Após a conquista de Ondurmã, Kitchener dirigiu-se para Fashoda onde
chegou no dia 19. Kitchener protestou contra a presença francesa e mandou içar
a bandeira egípcia. Marchand não tinha espaço de manobra para se opor já que os
Franceses tinham defendido, contra o domínio inglês, que era necessário apoiar
os direitos do Egipto, que incluía o Sudão. O Governo francês avaliou mal o
interesse das outras Potências em apoiar a França. A Rússia não tinha nenhum
interesse em intrometer-se neste assunto. Os Alemães não estavam interessados
em contribuir para a solução de um diferendo que impedia uma aproximação entre
a França e o Reino Unido, apesar de, na época, a Alemanha e o Reino Unido serem
quase aliados. Aliás, foi com base no bom entendimento entre estas duas
Potências que elas chegaram a acordo, a 30 de Agosto de 1898, sobre uma
eventual partilha das colónias portuguesas.
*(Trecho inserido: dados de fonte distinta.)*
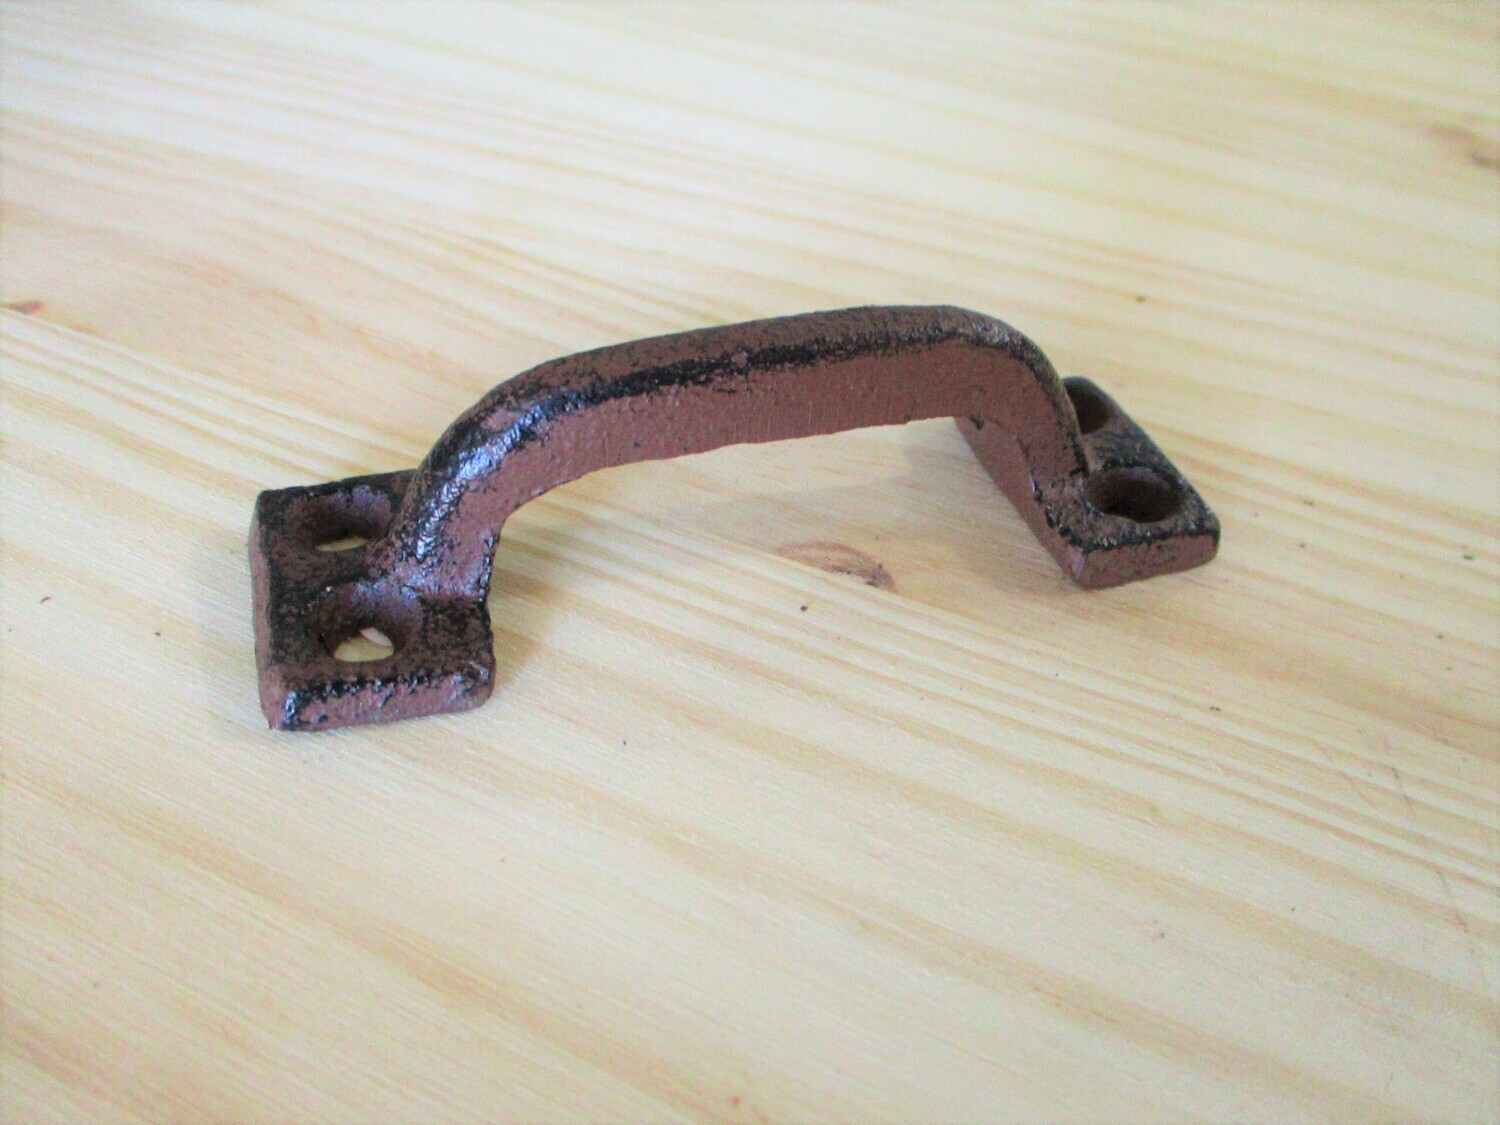 SMALL RUSTIC CAST IRON HANDLE / DRAWER PULL

Para visualizar o mapa com mais detalhe, seguir o link de origem: https://www.mtholyoke.edu/acad/intrel/pol116/Marchand's%20Route%20to%20Fashoda.jpg
Os governos da França e do Reino Unido iniciaram negociações. Os
britânicos ofereceram concessões na África Ocidental em troca dos territórios
na região do Nilo, troca a que os Franceses se opunham. Não foi alcançado
nenhum acordo e a questão de Fachoda transformou-se no acontecimento que
poderia conduzir a uma confrontação mais alargada entre as duas Potências. O
Reino Unido era a Potência mais forte. Kitchener dispunha de um exército
moralizado pelas recentes vitórias enquanto Marchand não dispunha de mais que
meia dúzia de franceses e uma centena de atiradores sudaneses. No vale do Nilo,
os Franceses estavam em desvantagem. No contexto global, a França tinha a
Rússia como aliada, mas esta não mostrou vontade de intervir; o Reino Unido não
dispunha de aliados, mas estava de boas relações com a Tríplice Aliança. No que
respeita à marinha de guerra, o Reino Unido dispunha de uma enorme vantagem
sobre a França. O Governo britânico era estável enquanto o Governo francês
estava dividido. O Reino Unido considerava esta uma questão de interesse
nacional enquanto para a França era uma questão de prestígio. A opinião pública
francesa considerou um absurdo a possibilidade de uma guerra contra o Reino
Unido a propósito de Fashoda quando a Alsácia-Lorena continuava em mãos alemãs.
A França cedeu e, no dia 11 de Dezembro de 1898, Marchand retirou de Fashoda.